Hoyt Curtin: It was about these two curlews, they were just a pair, and they were flying over a field and this doggoned farmer picks up a shotgun and blows the lady away.
Doug Allen: It was punky stuff, like a new wave band. It’s weird. It was like Dolly Parton meets Devo.
Curtin: That’s right. Some of it is very inventive and some of it isn’t. (laughs) Why go to Julliard?
Allen: I applied to RISD in 1973. You can never really erase yourself.
Curtin: You let the action handle it.
•••
Allen: I did that for a couple of years.
Curtin: We really had fun doing that. They’re still doing that.
Allen: There definitely was a scene. It became national.
Curtin: It was a beautiful thing but it didn’t catch on.

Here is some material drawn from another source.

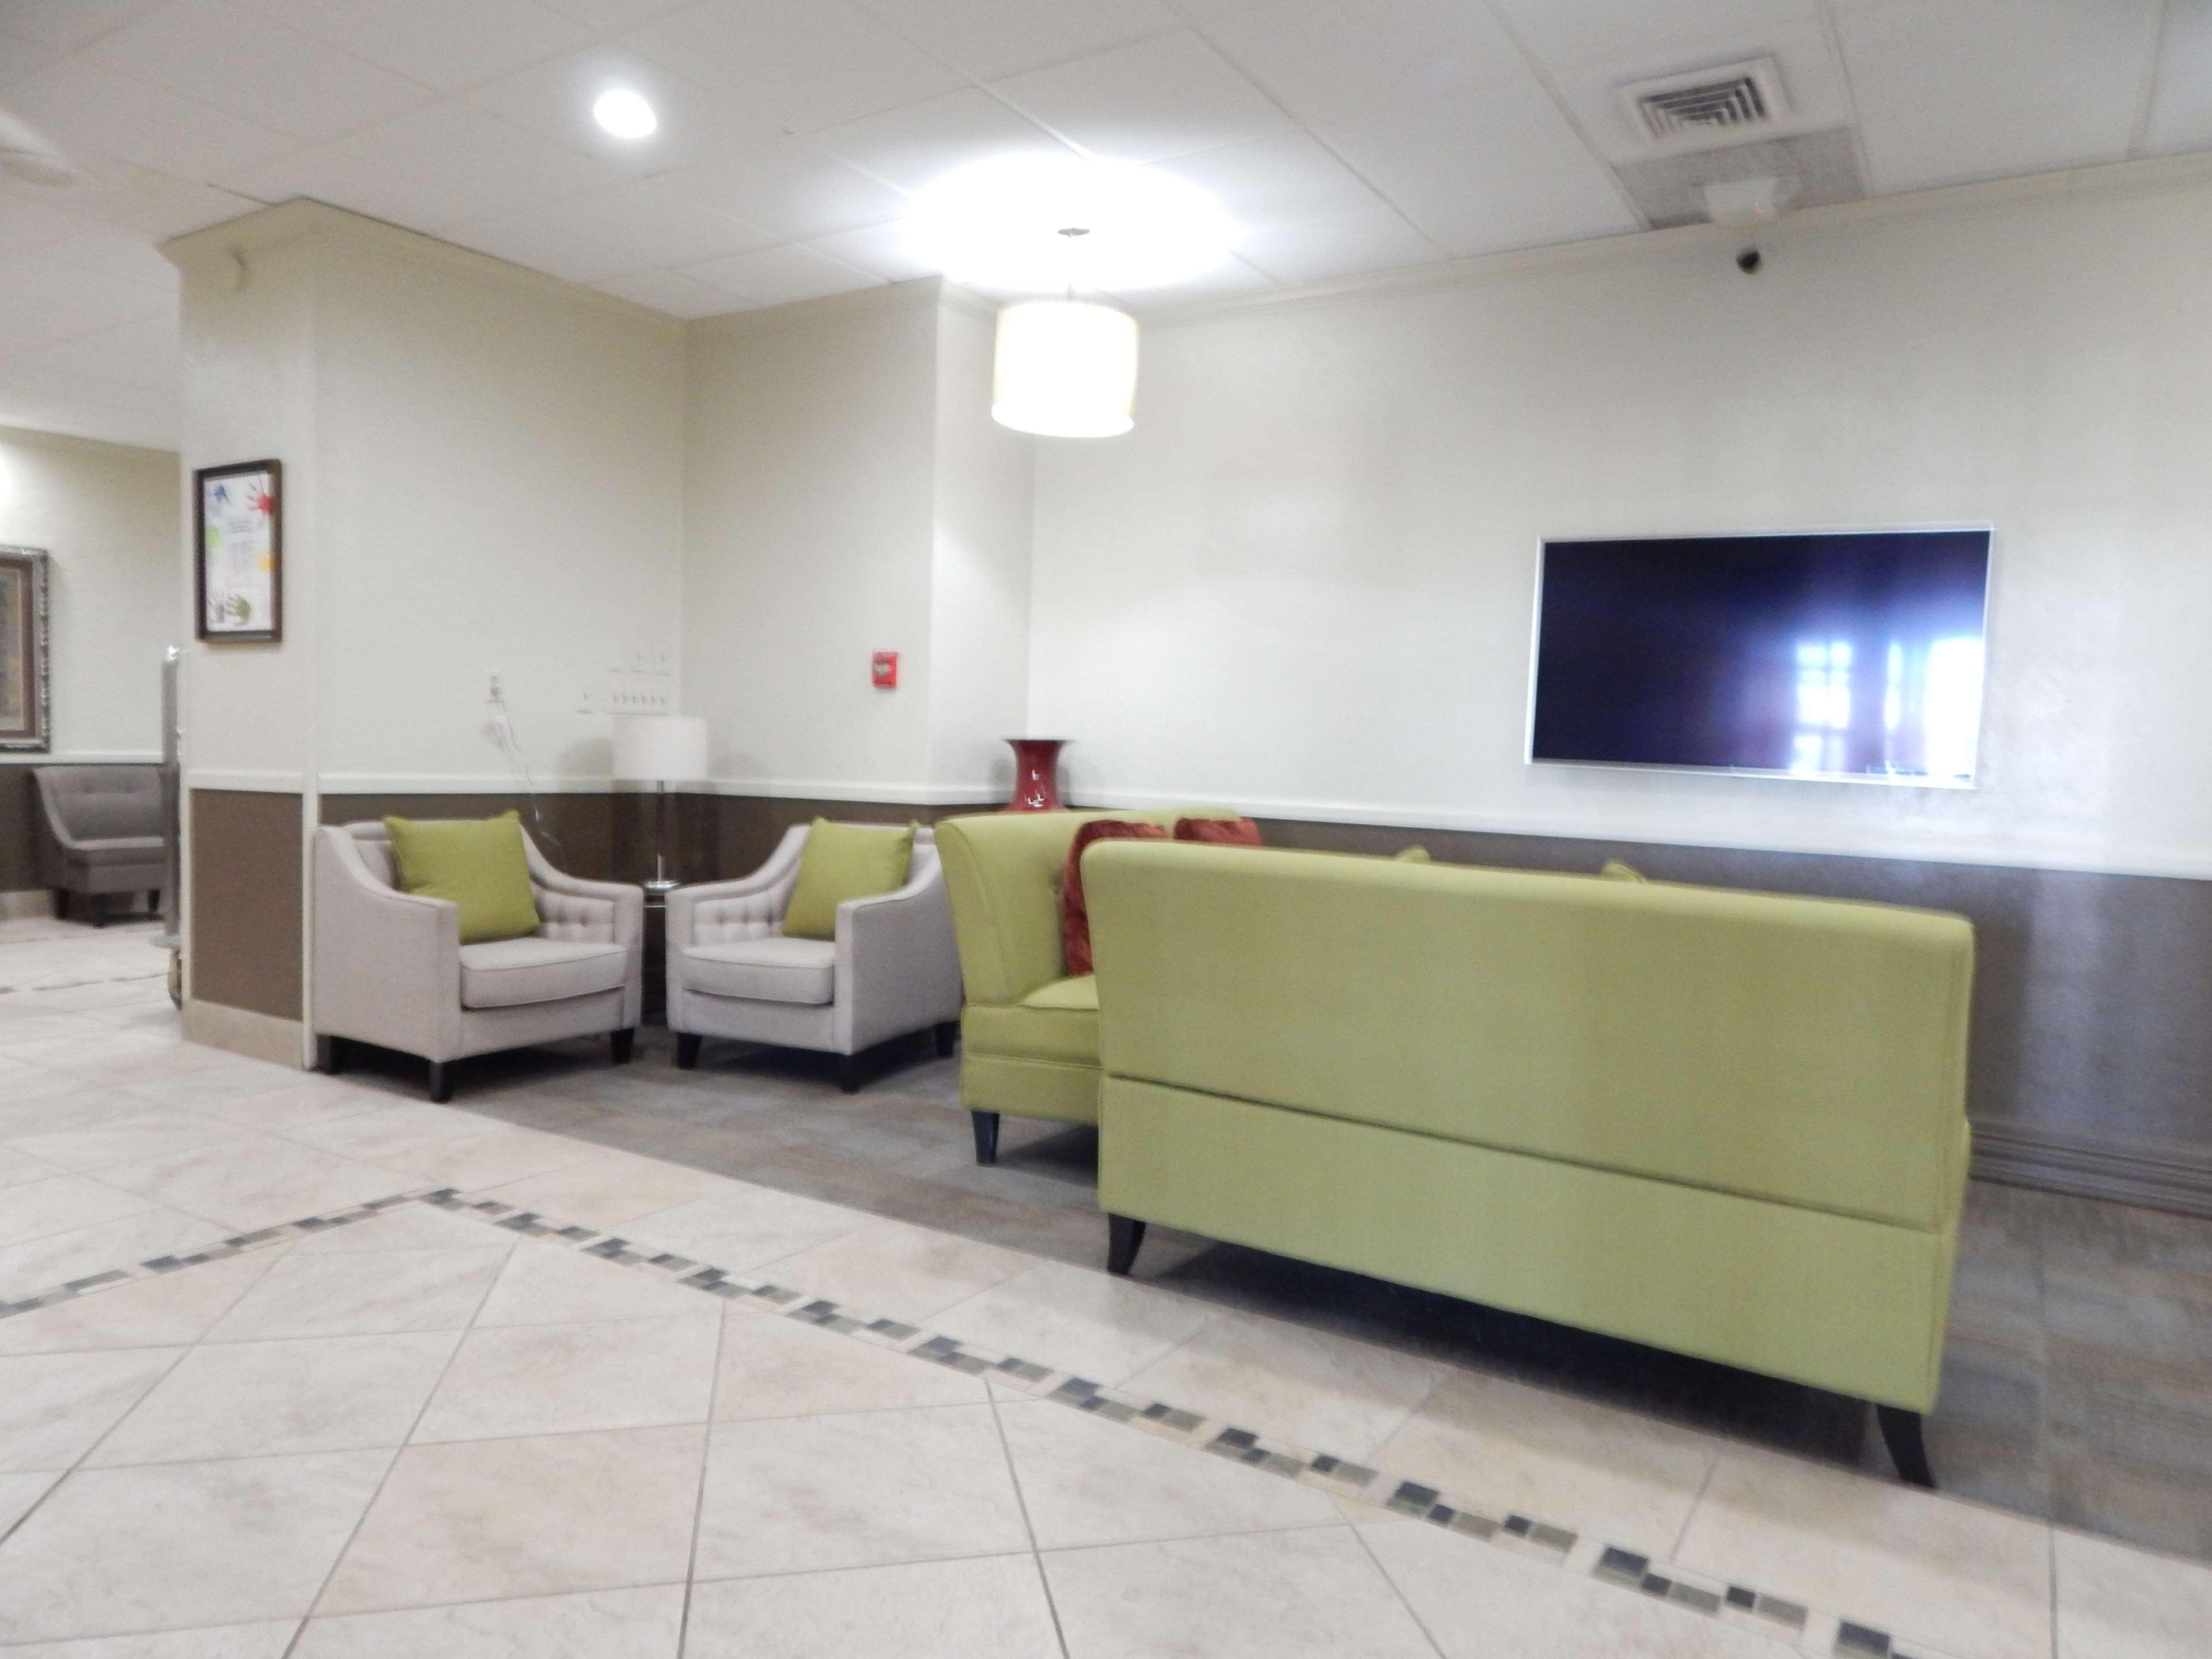 Best Western Plus Lawton Hotel & Convention Center image 1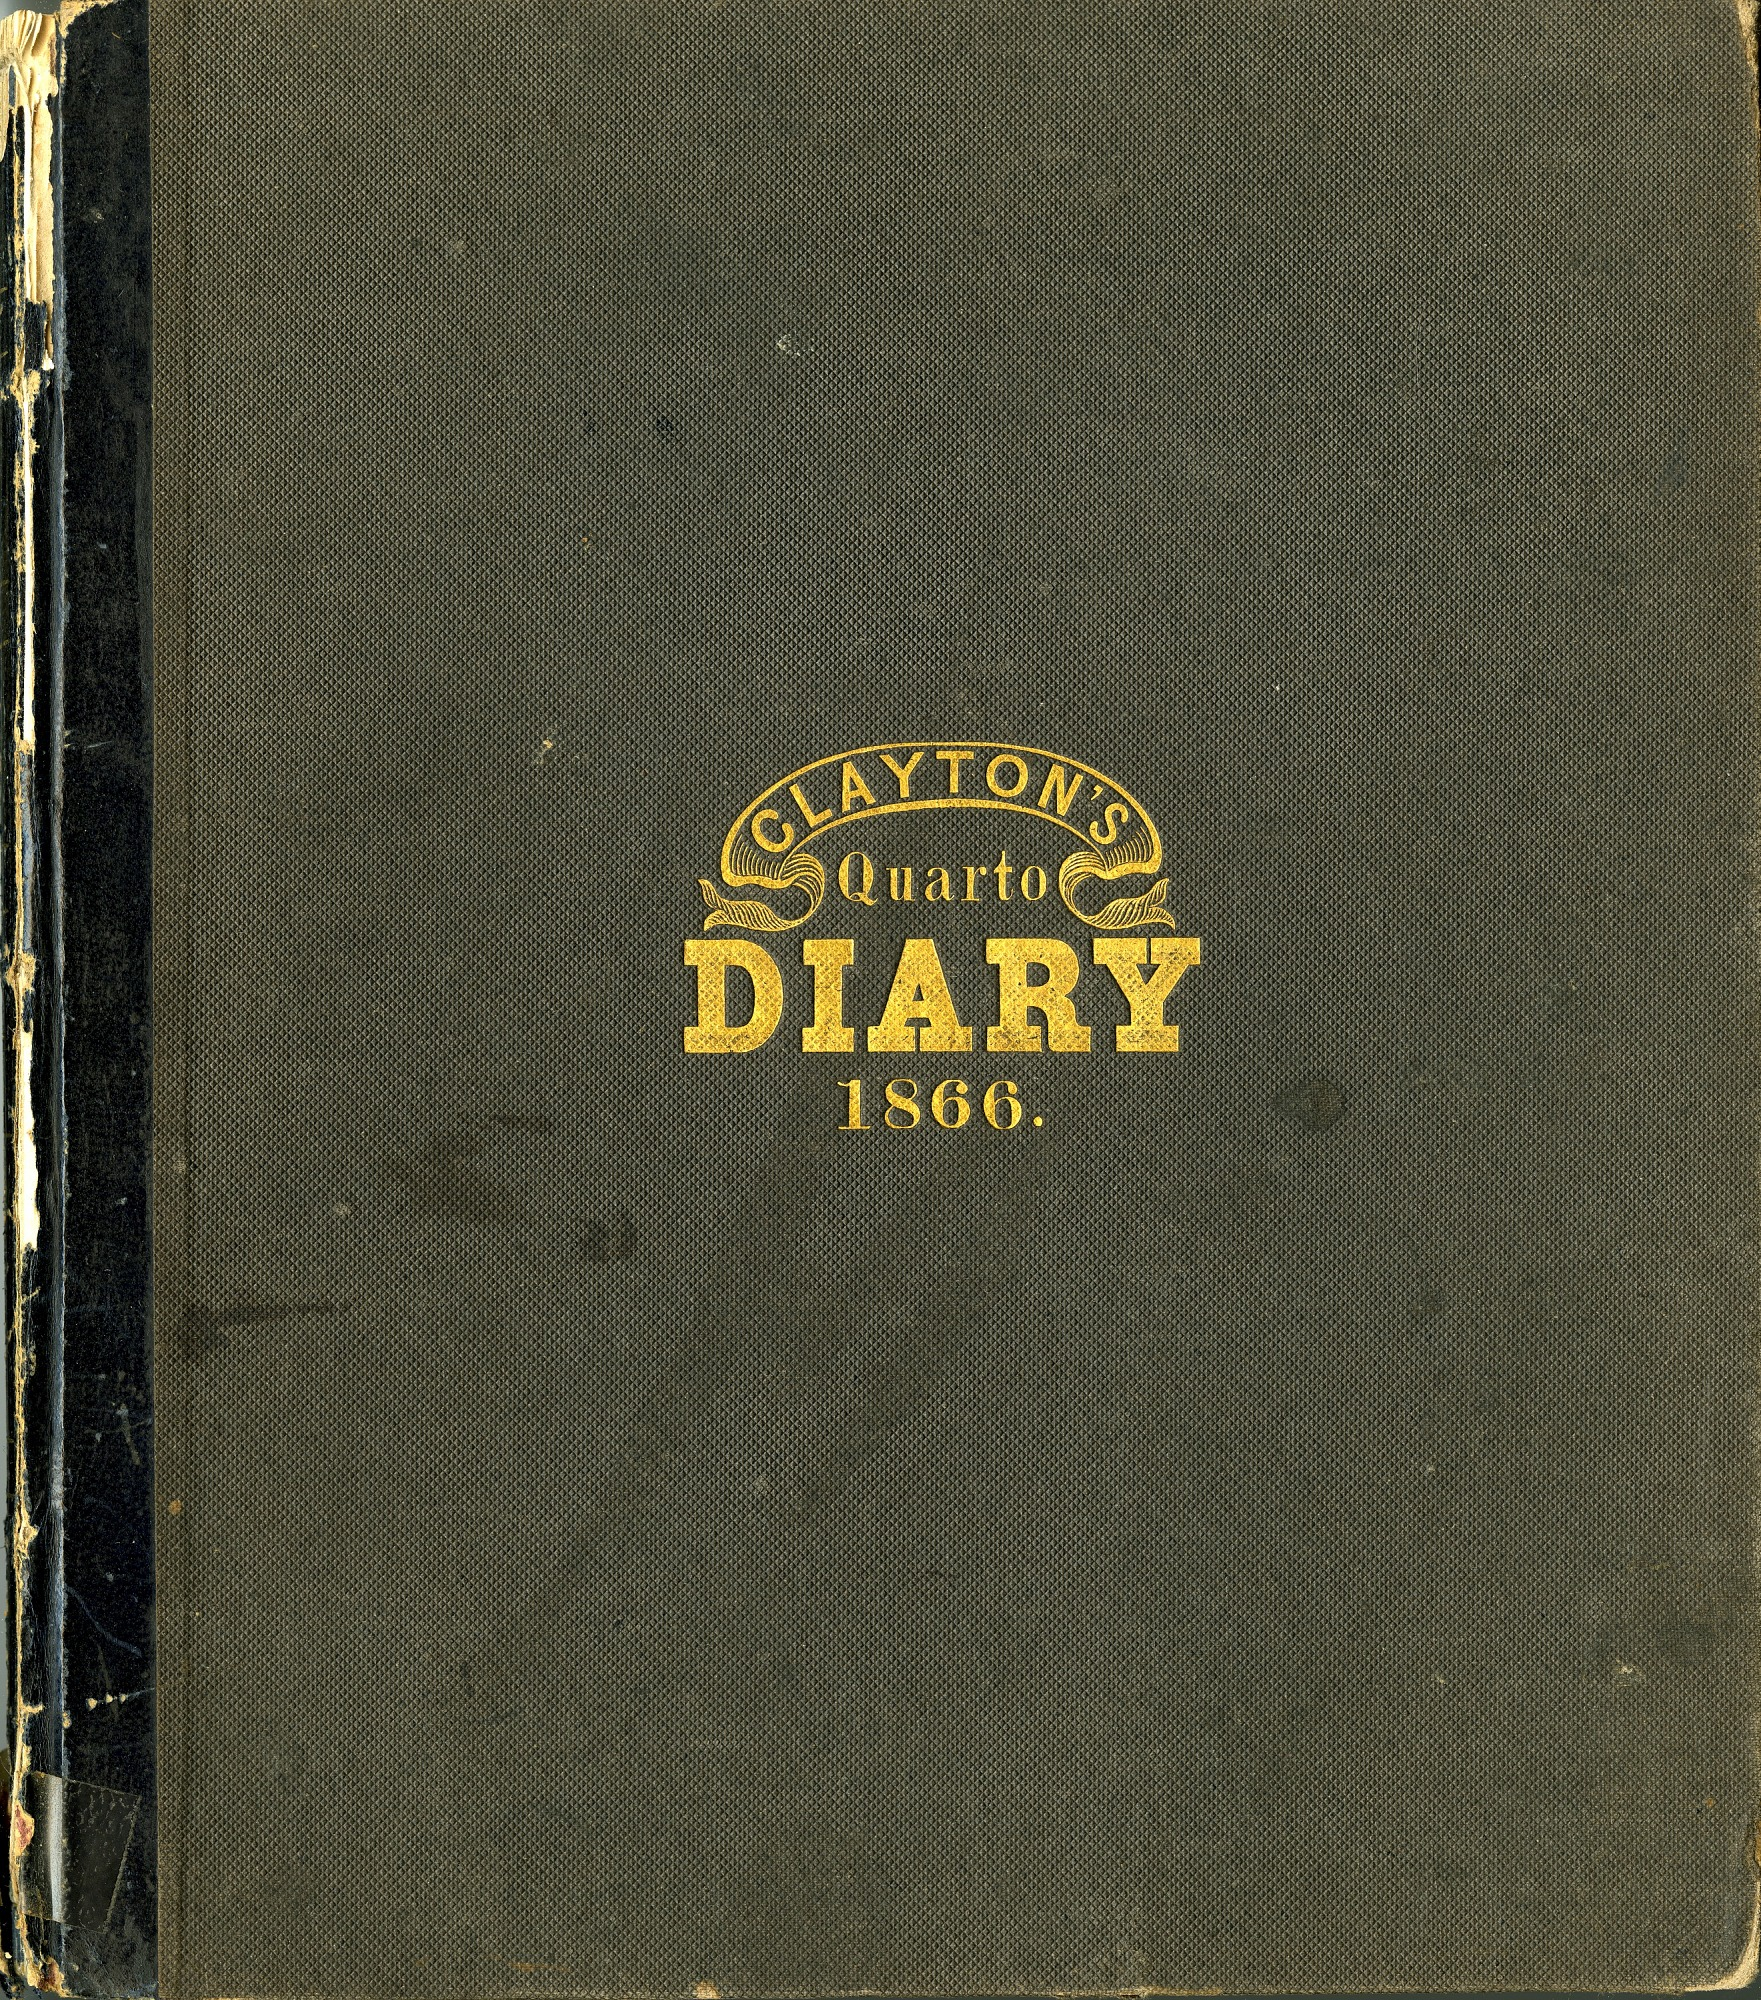 Excerpt from Joseph Henry's Desk Diary (October 10, 1866)

Allen: I would put on my sport jacket and take my portfolio around to magazines; I think I only got one gig doing a strip for High Times.
•••
Curtin: As I remember, it was about ladies on an alien planet who turned into tarantulas.
Allen: There was one called Dorette International, where I would find tap handles, old plexiglass, every different beer brand buried into the ground.
Curtin: That’s how that was done. First they made two, maybe three years of new things.
Allen: There were just stacks of them at all the shops, especially in record stores along Thayer Street.
Curtin: I didn’t have any idea, I hadn't seen anything.